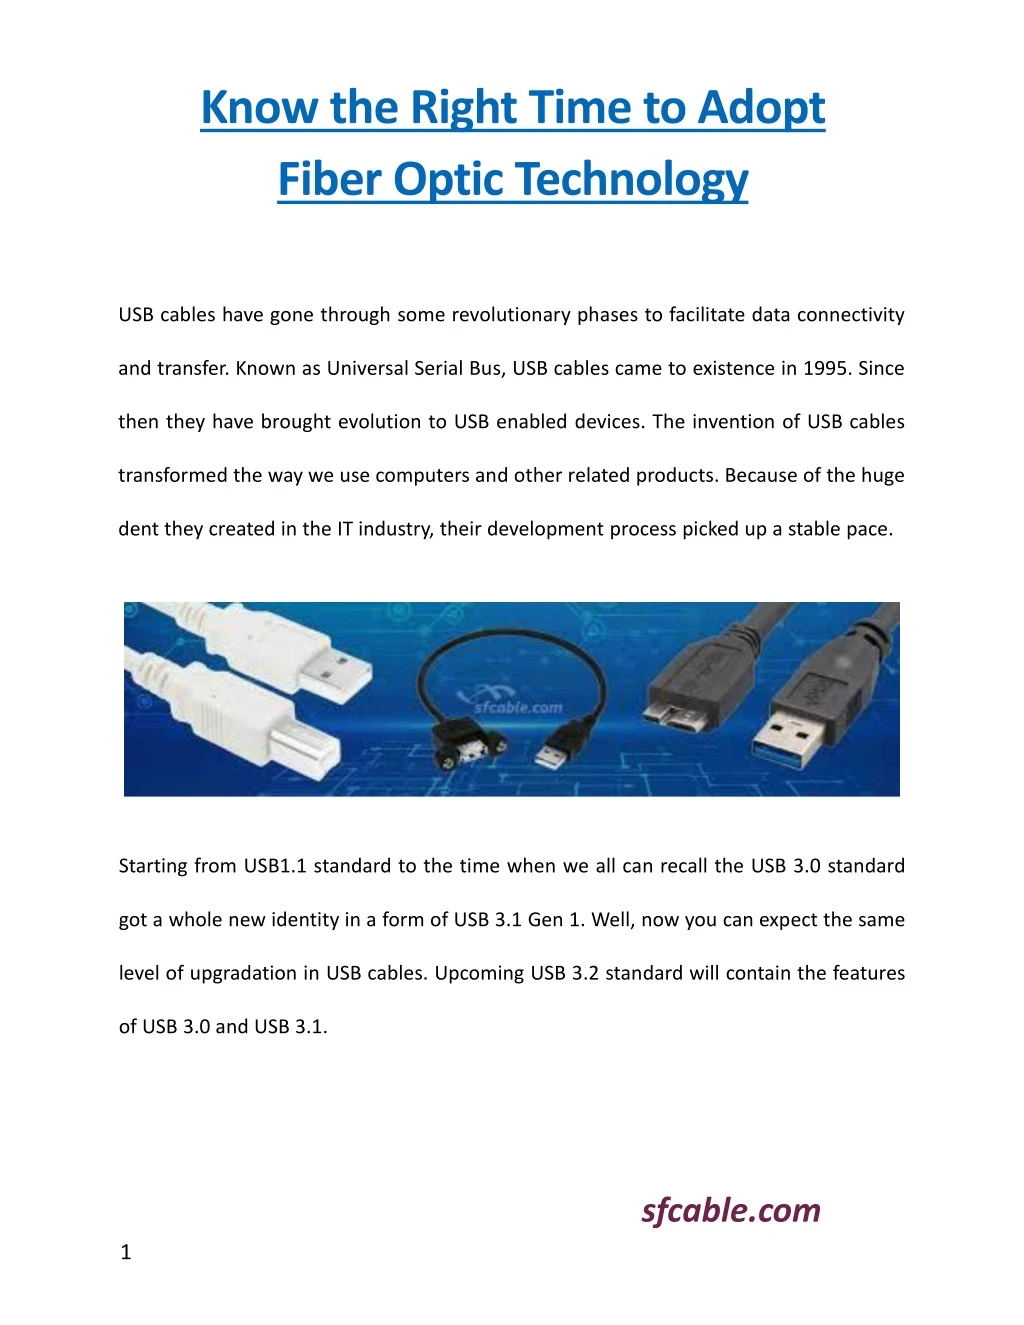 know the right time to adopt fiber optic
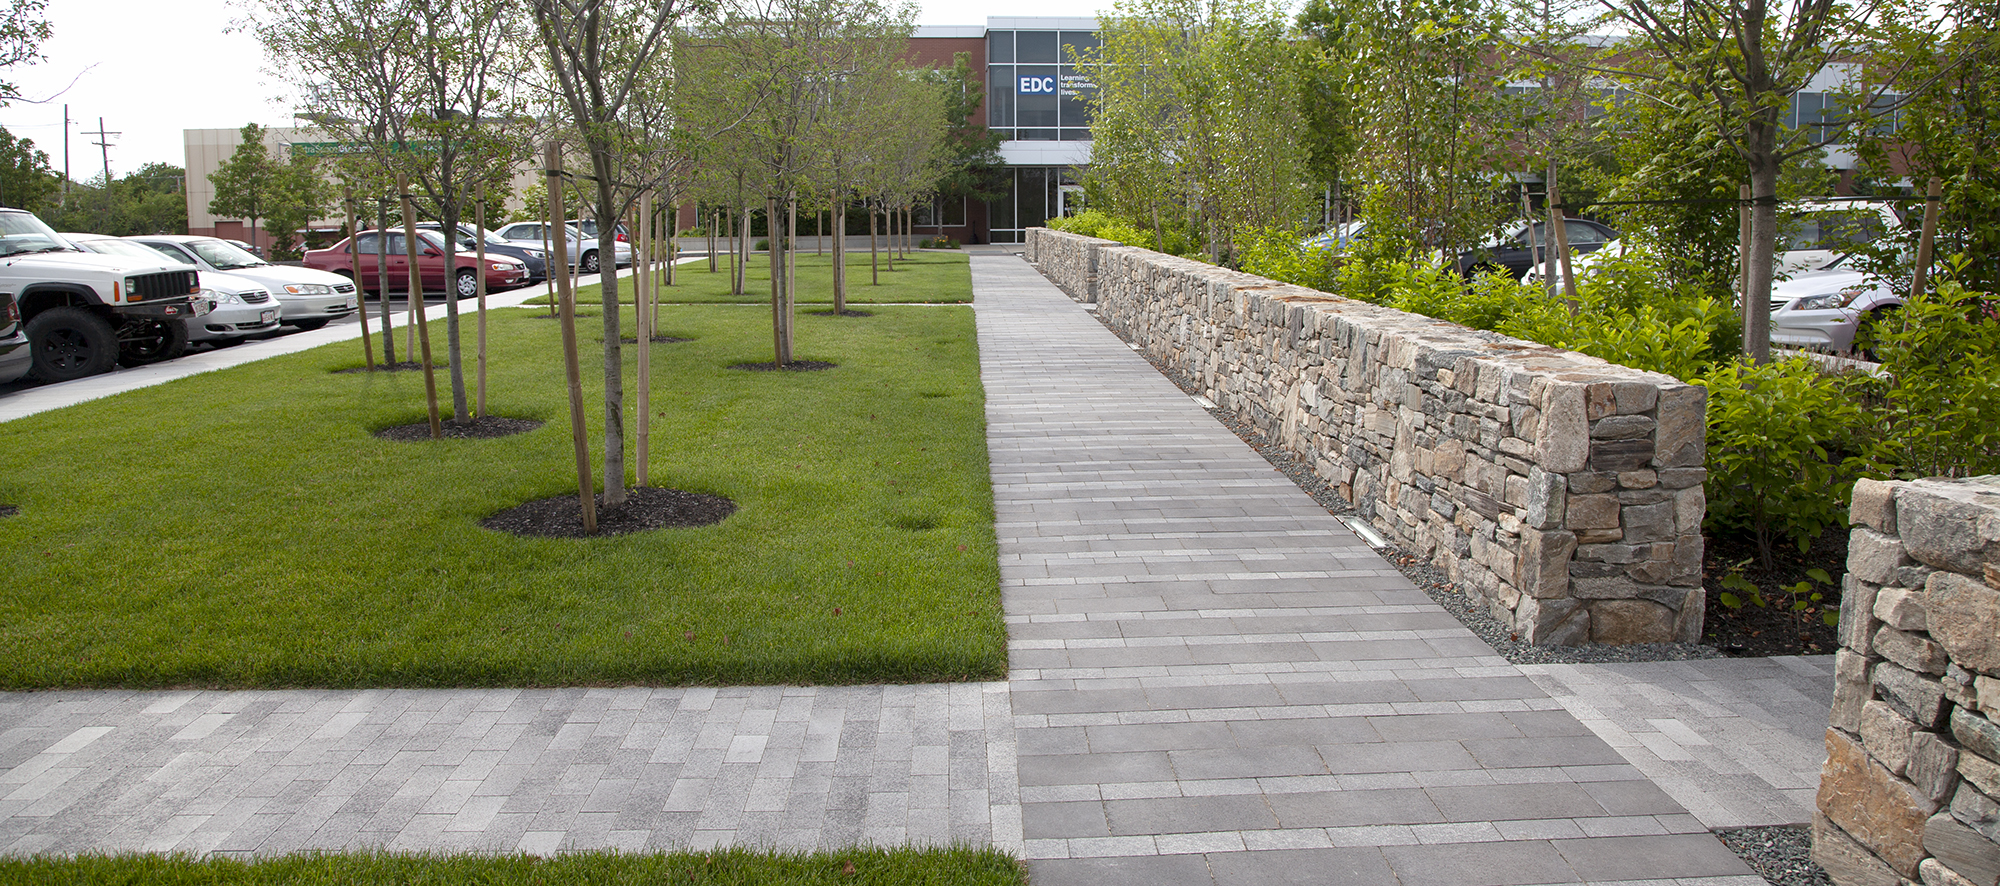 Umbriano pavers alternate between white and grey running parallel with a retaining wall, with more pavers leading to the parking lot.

========================

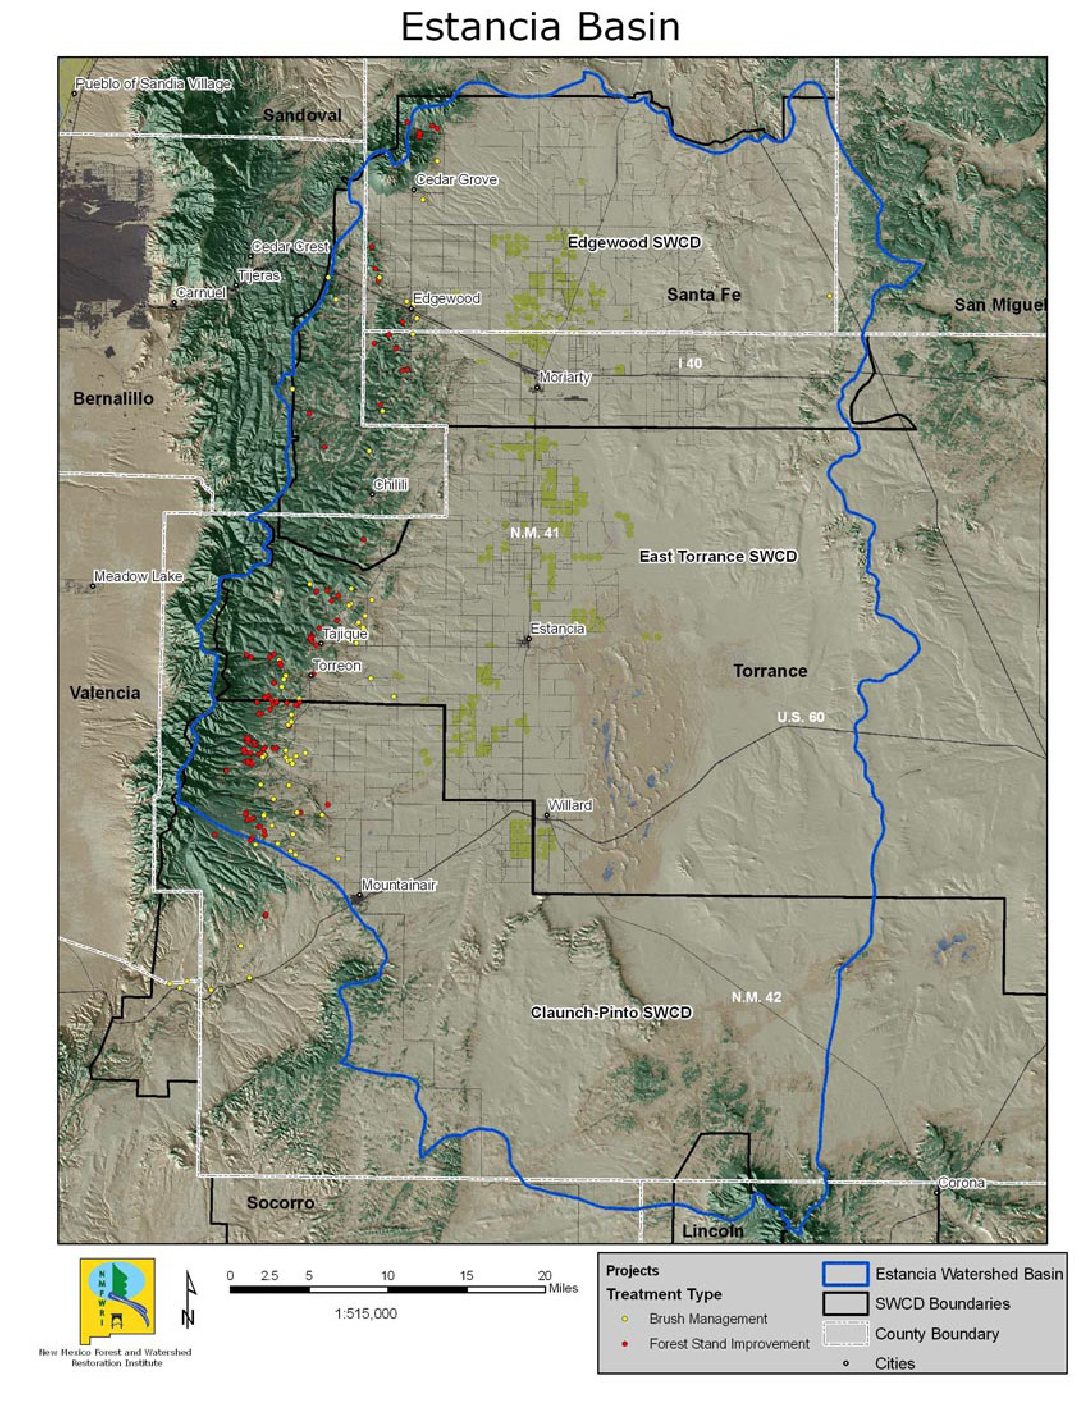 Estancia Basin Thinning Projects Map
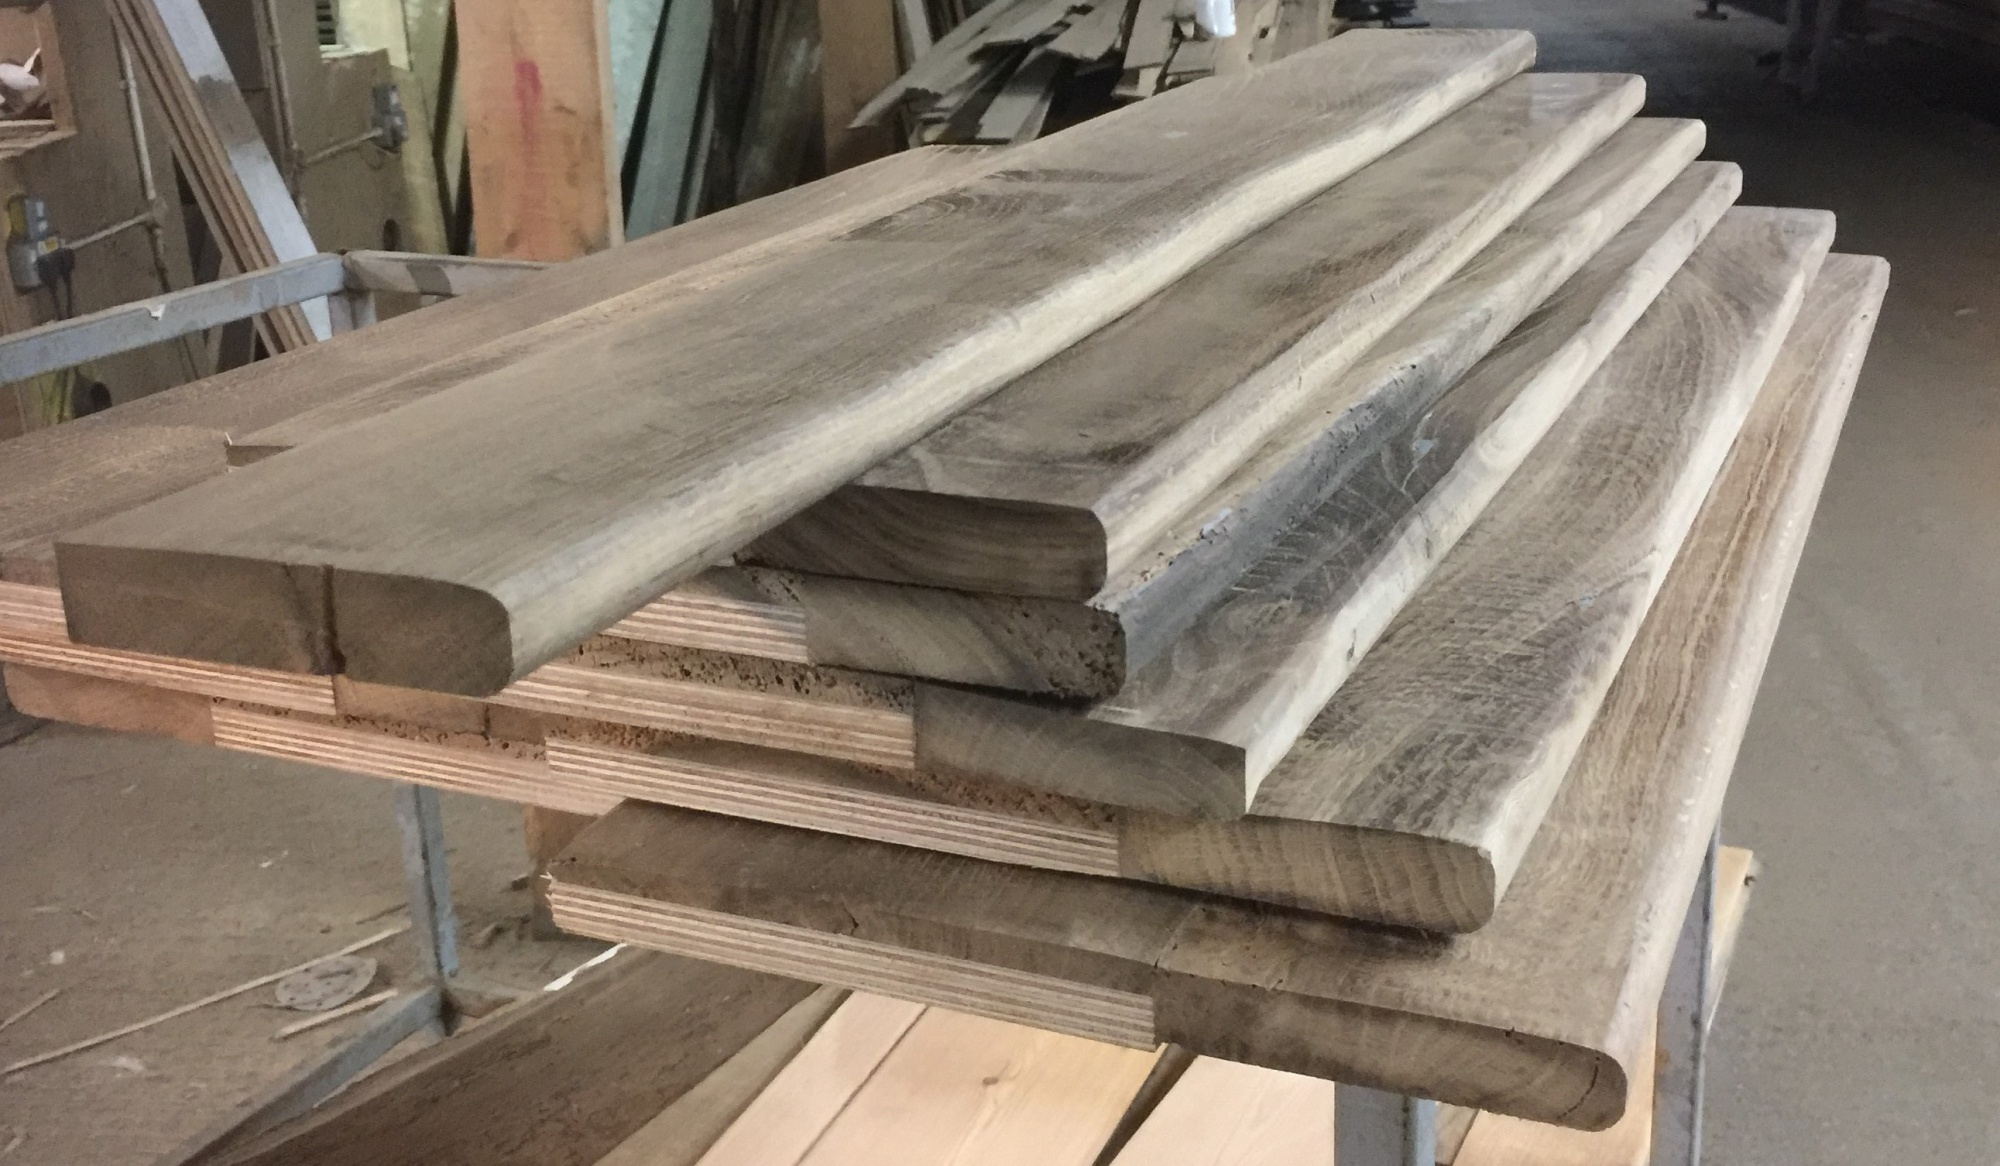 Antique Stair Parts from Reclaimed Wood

========================

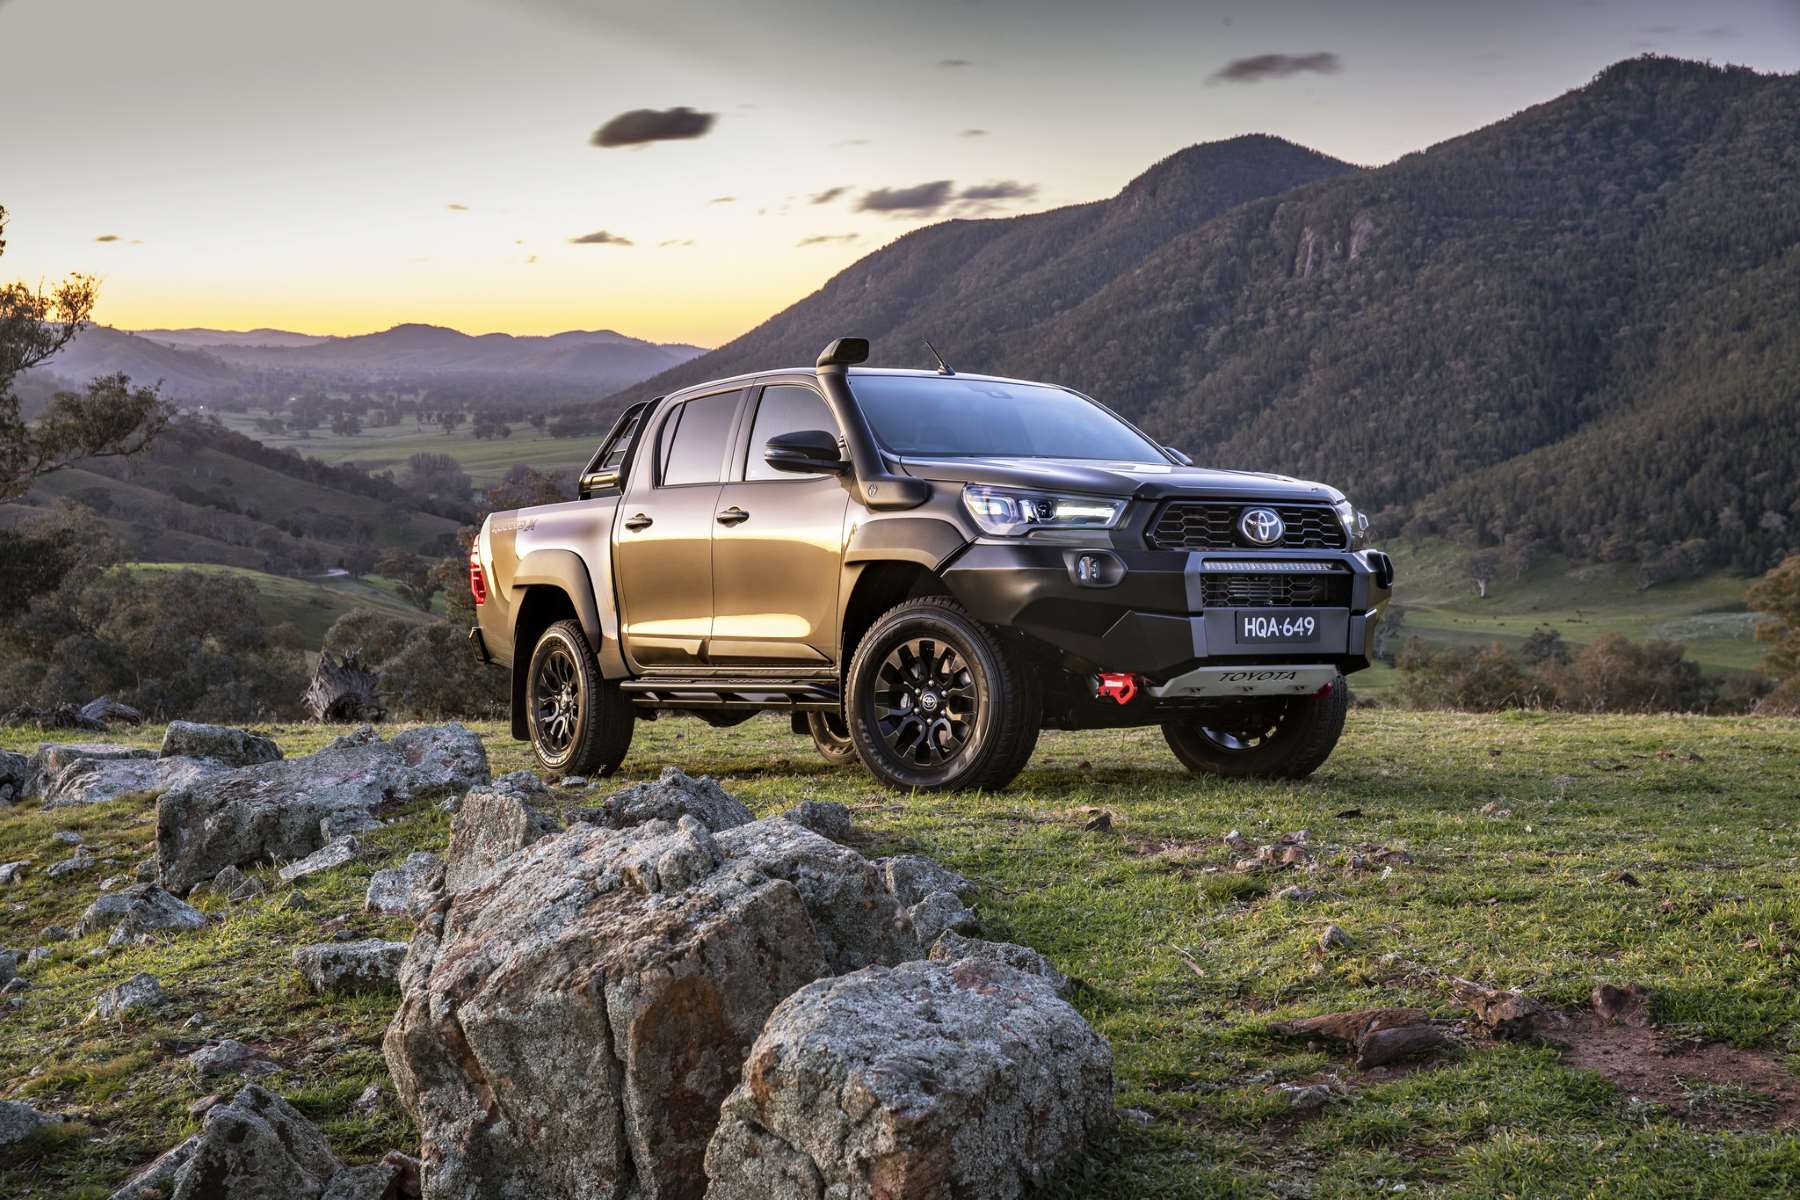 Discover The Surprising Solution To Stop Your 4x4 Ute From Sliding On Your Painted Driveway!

========================

_ASSIGNED TASK_
Output should consist of the lines above from the one with "Estancia Basin Thinning Projects Map" down to the one with "Antique Stair Parts from Reclaimed Wood", exact and without pictures.

_FINAL ANSWER_
 Estancia Basin Thinning Projects Map
 Antique Stair Parts from Reclaimed Wood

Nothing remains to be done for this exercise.